By way of reminder, randomly selected observations of events following a “normal” distribution should allow us to assume that:
- About 68% of times (actually 68.2%) we observe the event the outcomes fall within one standard deviation of the mean (i.e. 34% either side of the mean)
- About 95% of outcomes (actually 95.4%) fall within 2 standard deviations of the mean (i.e. 47.5% either side of the mean)
- Almost 100% of outcomes (actually 99.7%) fall within 3 standard deviations of the mean
This is probably more easily understood by way of illustration:
Source: Pathfinder
Volatility for managed funds
Now back to our managed fund example – what does it mean when a fund manager says “the volatility of returns for the fund is 8.0% per annum?” Firstly, the “volatility of returns” is a reference to one standard deviation (about 68% of outcomes). The manager’s statement means that if the distribution of fund returns follows the same pattern as the past, and is normally distributed, then there is a 68% chance that this year’s return will fall somewhere in the range of the average of prior years plus or minus 8.0%.
So if the average of prior year returns was 10.0% then there is a 68% likelihood that the current year’s return will be 10% +/- 8% (so a 68% probability the return will fall within a range of +2% to +18%).
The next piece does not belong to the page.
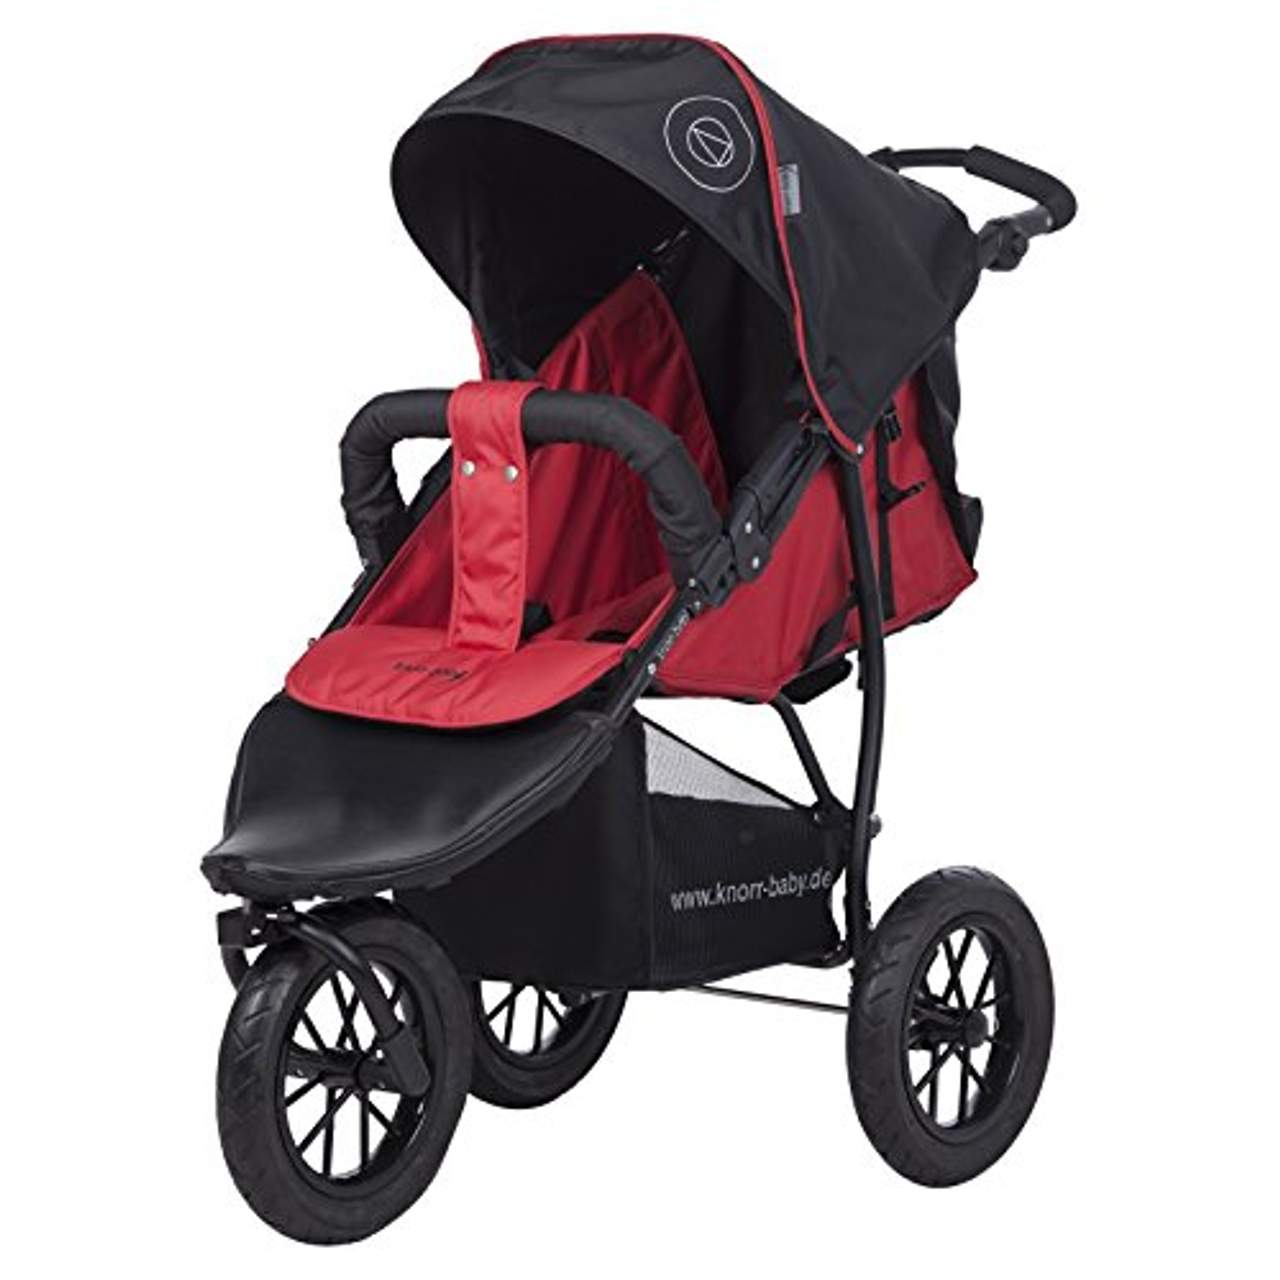 knorr-baby 883530 Joggy S rot
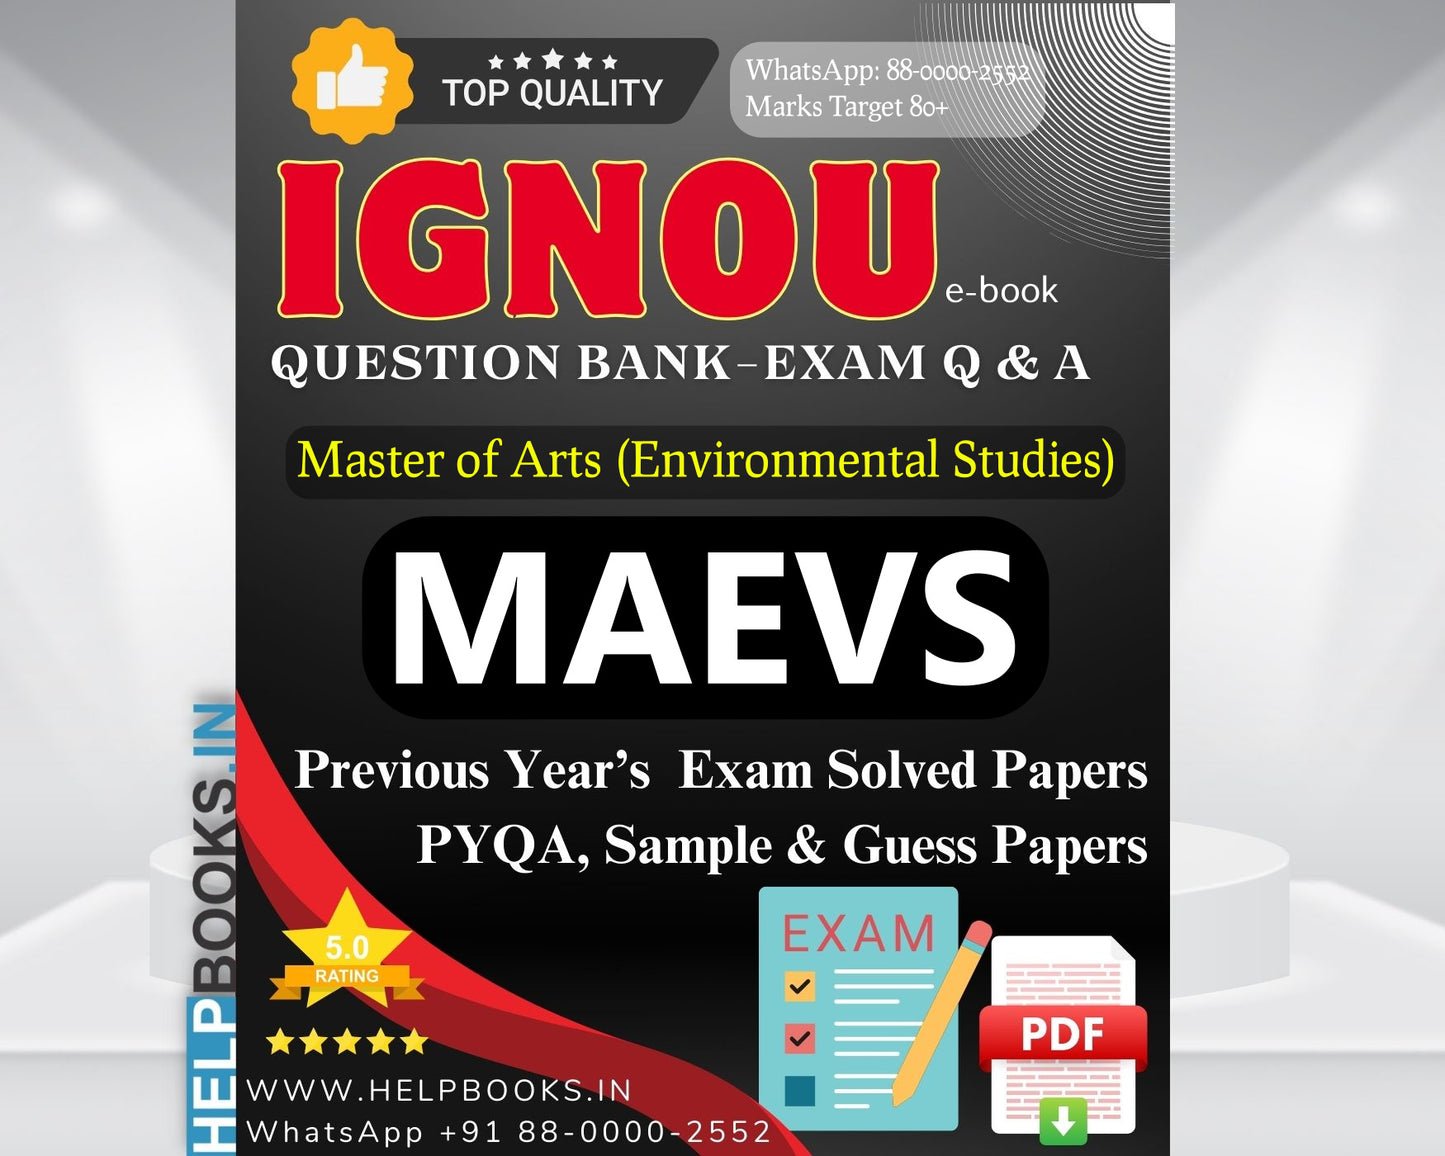 MAEVS IGNOU Exam Combo of 10 Solved Papers: 5 Previous Years' Solved Papers & 5 Sample Guess Papers for Master of Arts Environmental Studies

But there is also a 32% chance that it won’t fall within these bounds.
As an investor a higher level of certainty than 68% would be helpful. What if we want 95% confidence? This is 2 standard deviations. The answer is calculated as follows:
- One standard deviation is 8% so 2 standard deviations is 8% x 2 = 16%
- The average historic return is 10%, so the range of possible returns with 95% confidence (2 standard deviations) is 10% +/- 16%
- This gives a 95% confidence range of -6% to +26% per annum.
For an investor this may seem a wide range given the “headline” volatility is only 8%. Note if we wanted an even higher (almost 100%) confidence then the range would be the average return +/- 8% x 3 so -14% to +34% per annum.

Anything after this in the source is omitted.